Wednesday, April 15, 2009

Learning french according to youtube (and the visa arrival!!)

No news. Well, only that yesterday we noticed thar our status changed from "en cours" to "decision prise" I guess that means the visa will arrive in no time.

So we are remembering the whole frech learning trip we have made. And what better way to tell how we learned french than watching a few youtube videos? This is what happened to us:

At first, our poor teacher struggled to make me pronounce right the basics of the language and I was really really bad at it!:

Then, I felt in love with the language and suddenly I just wanted to translate everything to french!!

The result? I speak english (or at least I try to) since 2000. French since 2008. And now, I'm ashamed to admit that I speak english with an odd accent like this one:

Yep, I better keep writing!

For obvious reasons the videos displayed at the french and spanish versions are different, I invite you all to give them a look.

I hope we'll continue to laugh together!

Update: My mother in law just call me to give me the good news: the visas finally arrived!!!

Wednesday, April 1, 2009

Sentences you will hear while your visa arrives

My question is, are you honestly prepared for actually getting your Cértificat de Séléction du Québec? Do you really really know what that means? We didn't knew anything. We were unprepared, and I hope you won't.
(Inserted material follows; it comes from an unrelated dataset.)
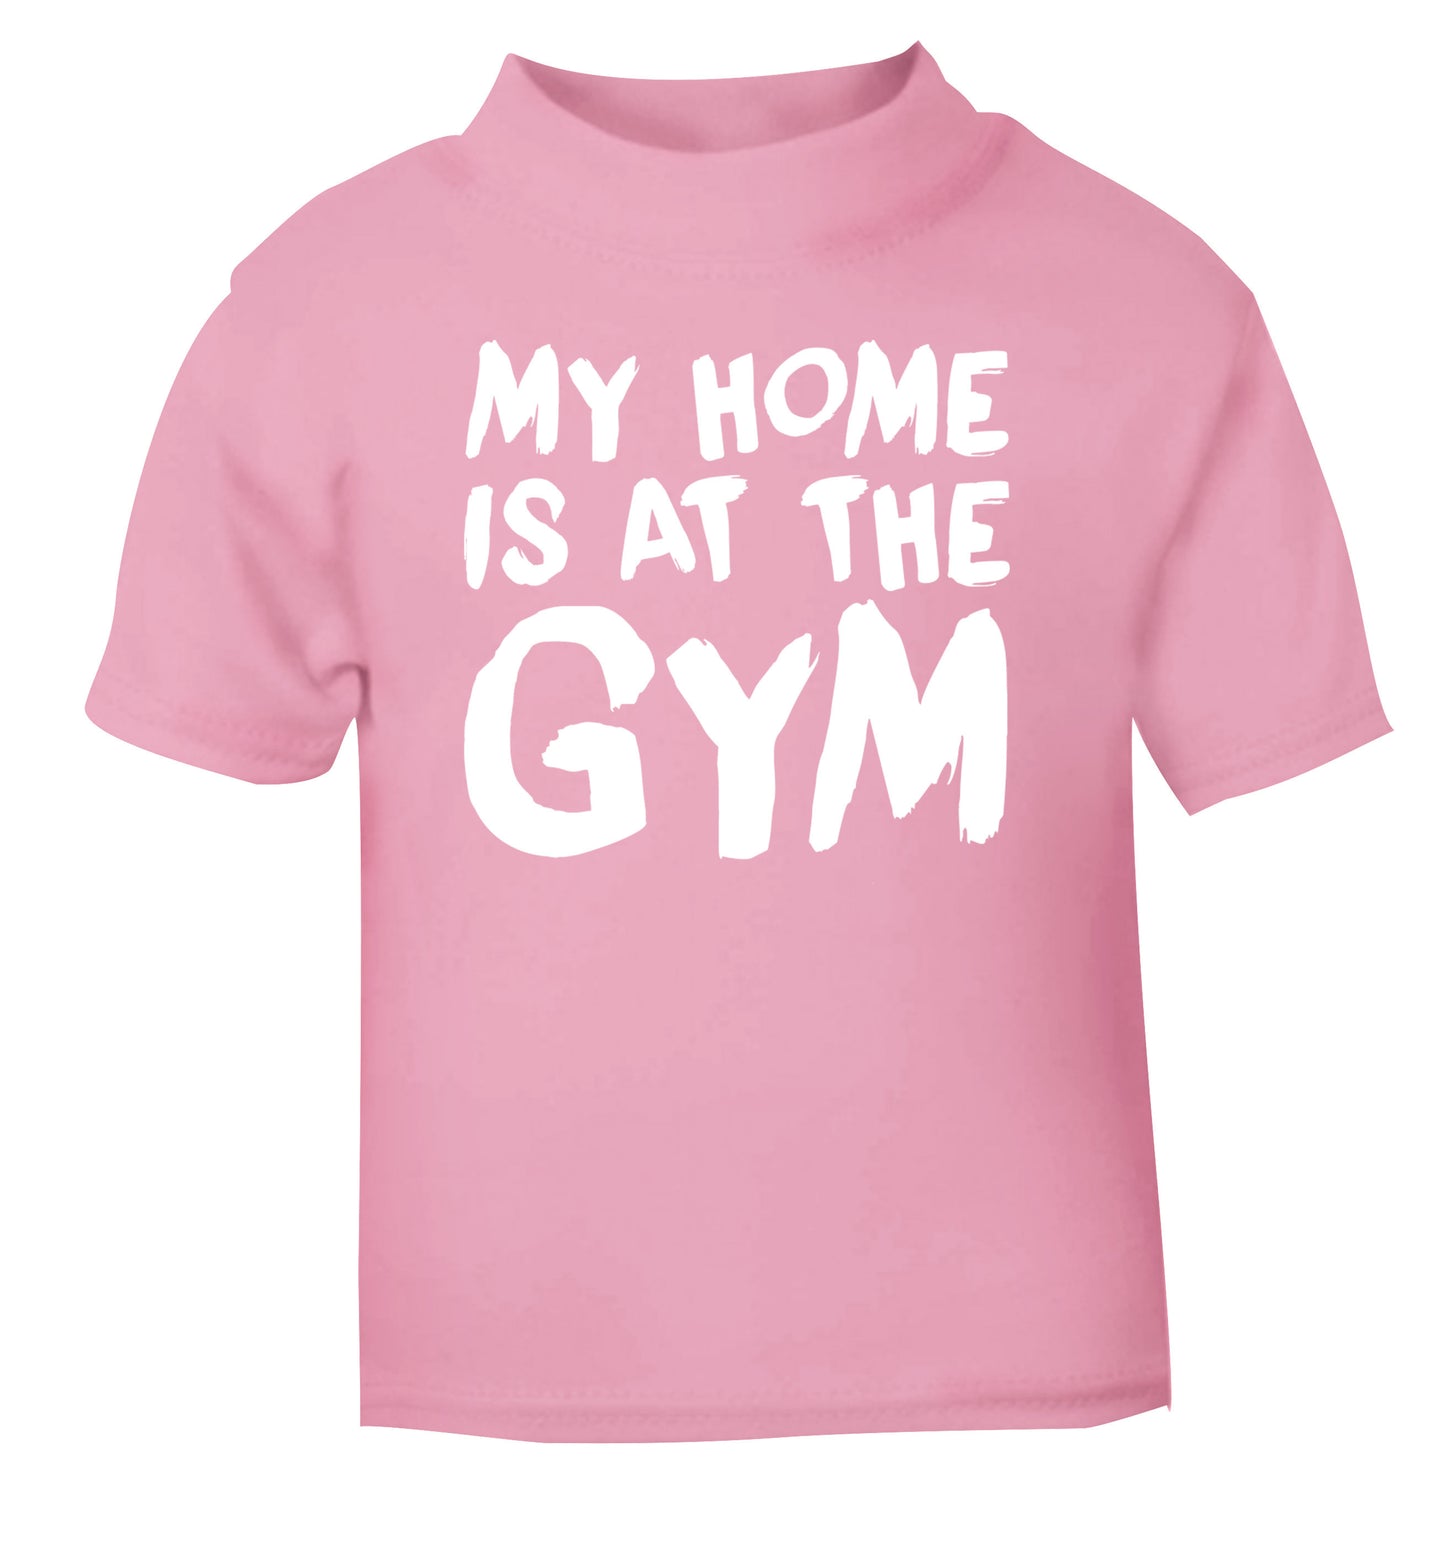 My home is at the gym light pink Baby Toddler Tshirt 2 Years
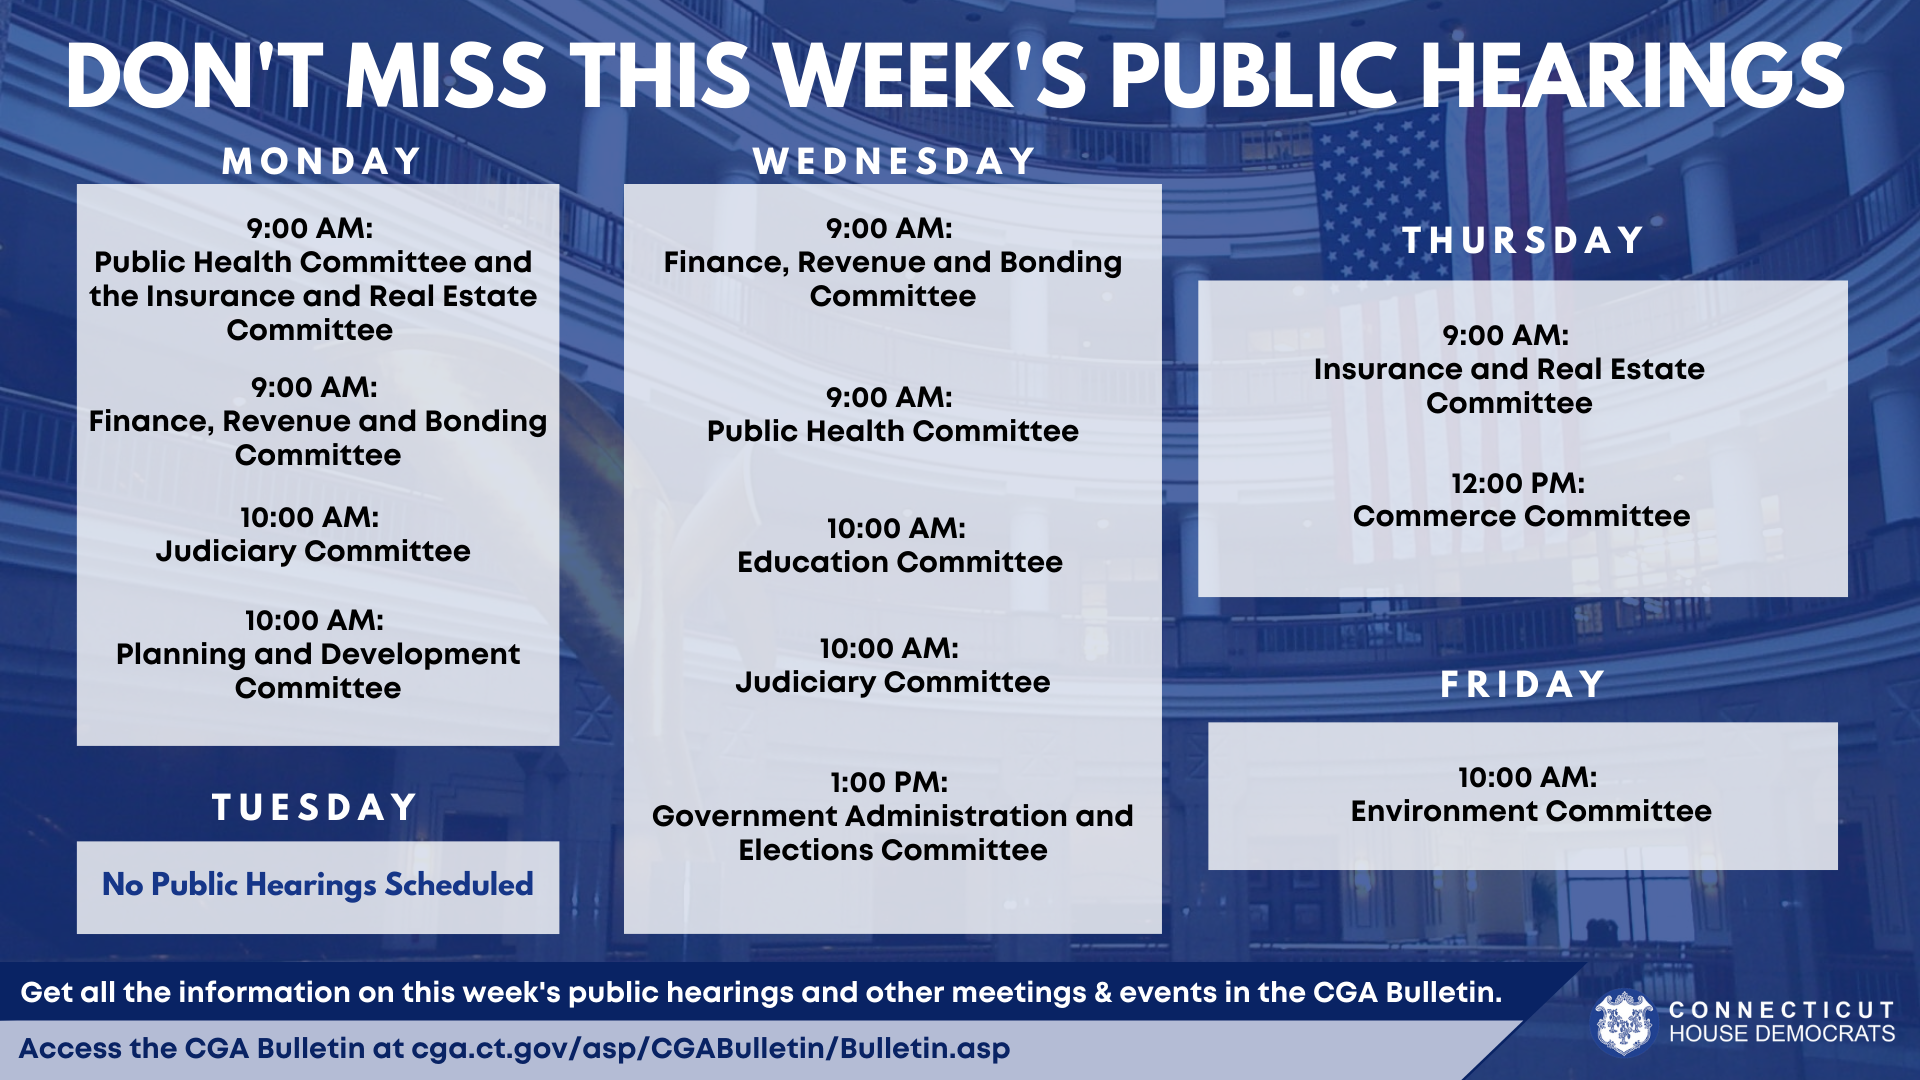 March 12th Public Hearings Schedule

After you finally get your CSQ, you tell your family, friends, work buddies, neighbourgs and even your pets, that you are truly going to Canada. That's a fact, BUT you still have to wait the visa arrival, in Colombia's case that might take 3 to 16 months, sometimes more than that. You believe that's pretty clear to everyone, (poor little thing) but IS NOT.

So before I start this "top ten", let's first try to get truly pro's at the fake smile that will save you from a social disaster, your face should look like this:

1. Grit your teeth.
2. Start lifting your lips.
3. Always think pretty thinks, for instance, that an anvil is going to hit the speaker at any moment. Just as seen in the Looney Tunes.

See? it isn't that hard. Just never forget to answer smiling like this. It's going to be good for your health I swear.

So here they are, the experiences and sentences you will hear a million times (and even more)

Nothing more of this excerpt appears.